Offiziell war die Saison 2013/14 Andreas Blaus letzte bei den Philharmonikern. Doch weil sein Nachfolger, der Franzose Mathieu Dufour, der vom Chicago Symphony Orchestra kommt, erst zum Herbst 2015 anfangen kann, spielt er als Rentner noch ein Jahr lang weiter. Und dann? Das tägliche Üben jedenfalls wird er nicht aufgeben. Und auch der enge Kontakt zum Orchester wird bleiben, nicht zuletzt durch den Mann seiner Tochter, Solooboist Albrecht Mayer. Auch sein Schwiegervater war übrigens Berliner Philharmoniker, der Solotrompeter Fritz Wesenigk.

Unbedingt weitermachen will Andreas Blau auch mit den „14 Berliner Flötisten“. Die hat er 1996 gegründet, aus dem Bedürfnis, Kollegen aus Ost und West zusammenzubringen. Was logistisch schwerer zu bewerkstelligen war als gedacht. Denn die Treffen können immer erst gegen 22.30 Uhr stattfinden, wenn alle Beteiligten ihren Verpflichtungen in den Orchestergräben wie auf den Konzertpodien nachgekommen sind.

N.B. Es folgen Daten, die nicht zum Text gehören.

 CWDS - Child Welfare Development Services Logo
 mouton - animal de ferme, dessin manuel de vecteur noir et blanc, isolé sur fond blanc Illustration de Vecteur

Das erste „grenzenlose Flötenvergnügen“, bei dem alle erdenklichen Bauformen des Instruments von der Piccolo- bis zur mannshohen Subkontrabassflöte zum Einsatz kommen, war allerdings ein solcher Erfolg, dass sie beschlossen, weiterzumachen. So manches neue Stück haben sie seitdem uraufgeführt, 1999 komponierte Siegfried Matthus mit seinem „Kronprinz Friedrich“ sogar eine Oper, in der die Sänger ausschließlich von den 14 Flötisten begleitet werden. Fünf CDs konnten sie bereits veröffentlichen, bis zu einem halben Dutzend Konzerte geben sie jedes Jahr. Das nächste findet am 23. August statt. Dann treten die verwegenen Vierzehn im Rahmen der Brandenburgischen Sommerkonzerte auf, in Forst, nahe der polnischen Grenze, mit virtuosen Bearbeitungen bekannter Klassiker von Bachs Brandenburgischem Konzert Nr. 3 über Dvoraks Bläserserenade bis hin zu Bizets „Arlésienne-Suite“.